▶ _WORK ITEM_
Please repeat, from the entries that follow, the lines from the one containing "Portfolio Ncora 2020" through the one containing "Pemprov Kalimantan Utara" exactly, adding nothing.

▶ _MATERIAL PROVIDED_
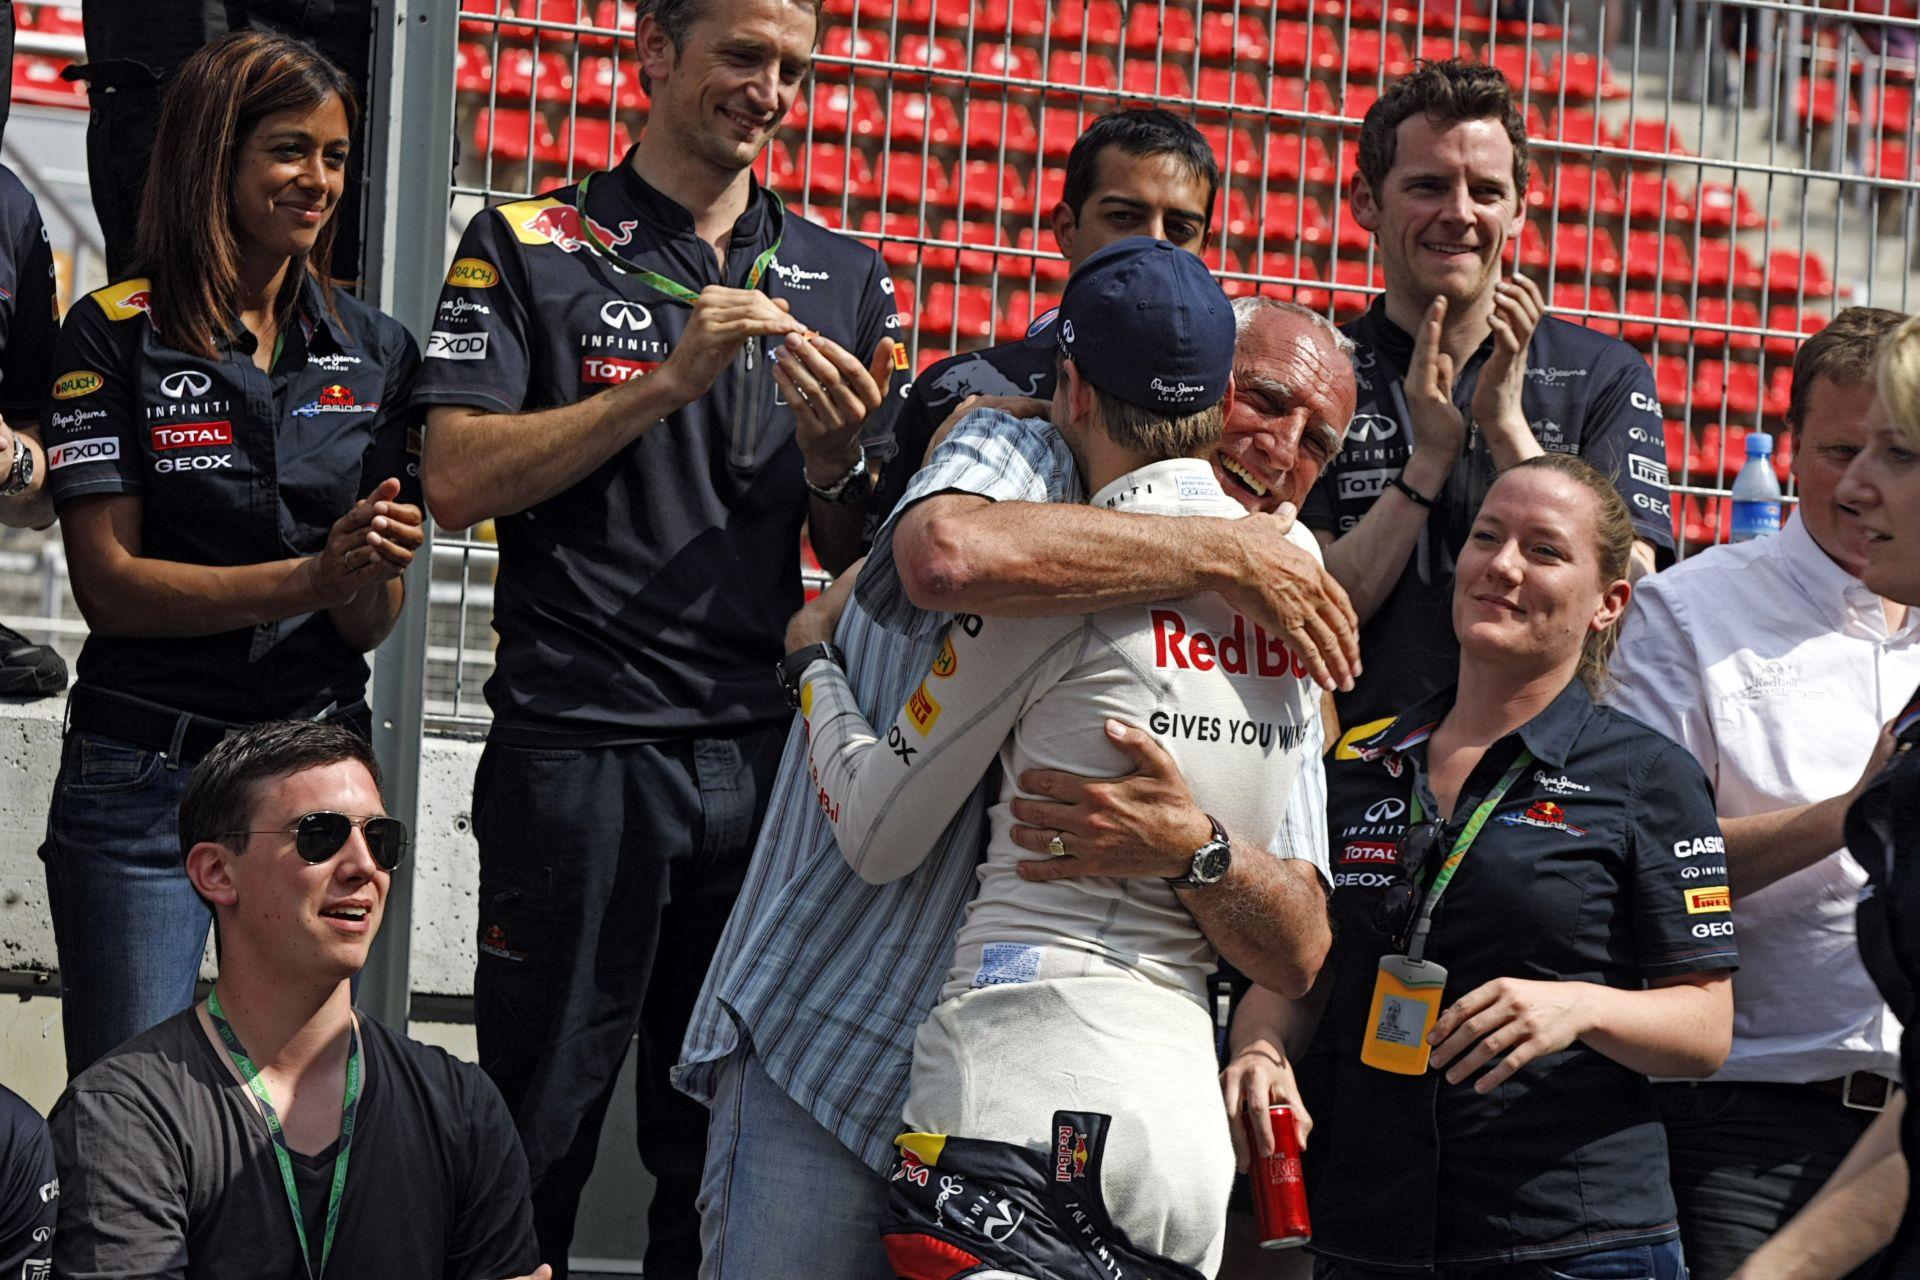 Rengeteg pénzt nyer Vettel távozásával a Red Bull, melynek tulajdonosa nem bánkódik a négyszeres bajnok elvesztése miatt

...

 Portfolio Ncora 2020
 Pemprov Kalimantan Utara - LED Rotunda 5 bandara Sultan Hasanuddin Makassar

▶ _ANSWER FOR THE TASK_
 Portfolio Ncora 2020
 Pemprov Kalimantan Utara - LED Rotunda 5 bandara Sultan Hasanuddin Makassar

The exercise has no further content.